32. Mr Avery submitted that the judge failed to have regard to the establishment of the relationship whilst the claimant’s immigration status was precarious. Mr Toal relied on the decision in Jones [2013] UKSC 19 where Lord Hope said that it is well established, as an aspect of Tribunal law and practice, that judicial restraint should be exercised when the reasons that a Tribunal gives for its decision are being examined. The Appellate Court should not assume too readily that the Tribunal misdirected itself just because not every step in its reasoning is fully set out in it. Mr. Toal also relied on Piglowska [1999] UKHL where Lord Hoffman said that the Appellate Court must bear in mind the advantage which the first instance judge had in seeing the parties and the other witnesses. This is well understood on questions of credibility and findings of primary fact. But it goes further than that. It also applies to the judge’s evaluation of those facts.
33. In this case the judge considered the claimant’s immigration history, his failure to apply for an extension of leave to remain and considered that the claimant and his partner had met after his leave had expired. The judge was impressed with the evidence given by the claimant and his partner. He found them to be open and honest. He also accepted the evidence that the partner was protecting her two daughters. The judge took into account the decision in Nagre which deals with a relationship was established at a time when the applicant’s immigration status was precarious.

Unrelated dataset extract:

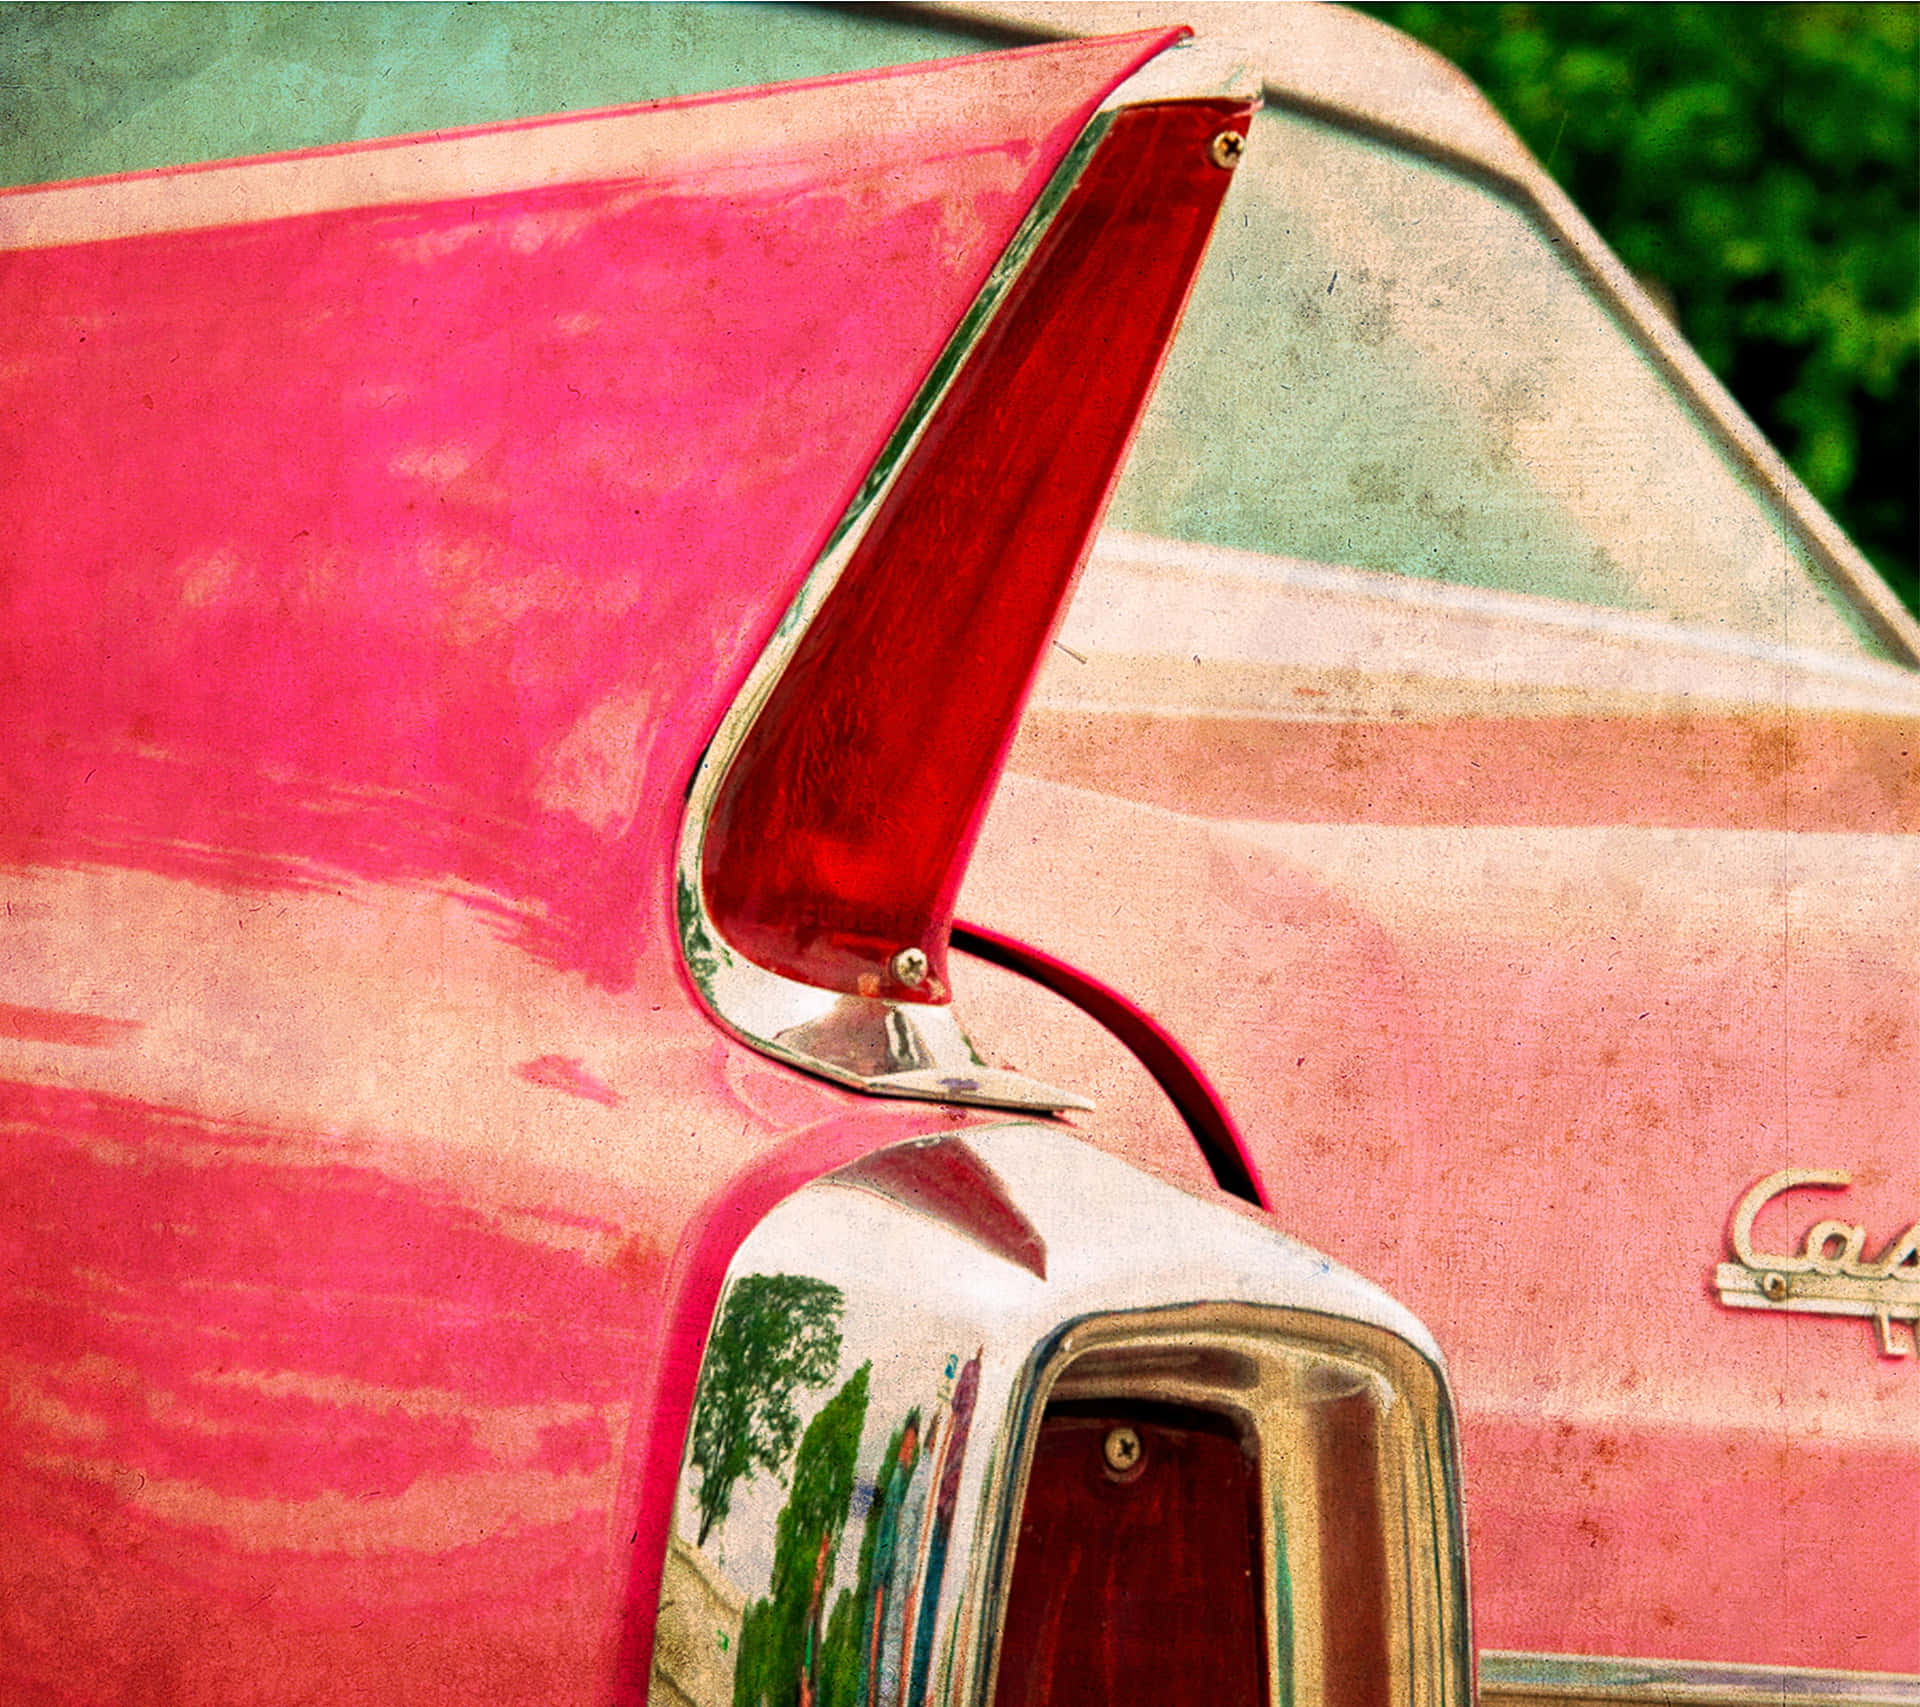 A Pink Vintage Car Set on a Sunlit Road Wallpaper

The judge also relied on I agree on Gulshan. He concluded that the appellant’s case is an exceptional case. I find no error of law in this decision.
34. I also find that the Secretary of State's letters of 23 January 2013 and 9 May 2012 indicated that had the claimant and his partner submitted better evidence of their relationship she may have come to a different conclusion. The judge heard evidence from the claimant and his partner, found that they have established a family and private life. That finding was not challenged by the respondent. The judge accepted that their relationship was akin to marriage. He accepted that they were in a committed and genuine relationship. I do not find that these findings are contradictory. It was because of his finding that they are in a relationship akin to marriage that the judge decided that they have established a family life.

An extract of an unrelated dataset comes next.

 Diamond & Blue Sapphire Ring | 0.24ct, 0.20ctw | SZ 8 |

35. I find that in light of UE (Nigeria) and Others [2010] EWCA Civ 957 the judge was entitled to take the claimant's wish to practice in the UK and his employment as a doctor in the UK as relevant factors. At paragraph 35 of UE the Court of Appeal concluded that it is open to the court to find that the loss of such public benefit is capable of being a relevant consideration when assessing the public interest side of proportionality under Article 8 as a matter of principle. The court also held at paragraph 24 that as a matter of principle there is no reason why the fact that the community in this country or part of it would lose something of value were an applicant to be removed should be seen as irrelevant to an assessment of the extent of the public interest in removal.
36. I find on this authority that the judge did not err in law in finding that the UK to some extent has invested in the claimant's continuing professional development within the NHS and that his development and potential to once again be an asset as a skilled medical doctor within the UK which will be lost if he is removed.
37. The judge’s decision allowing the claimant's appeal under Article 8 of the ECHR shall stand.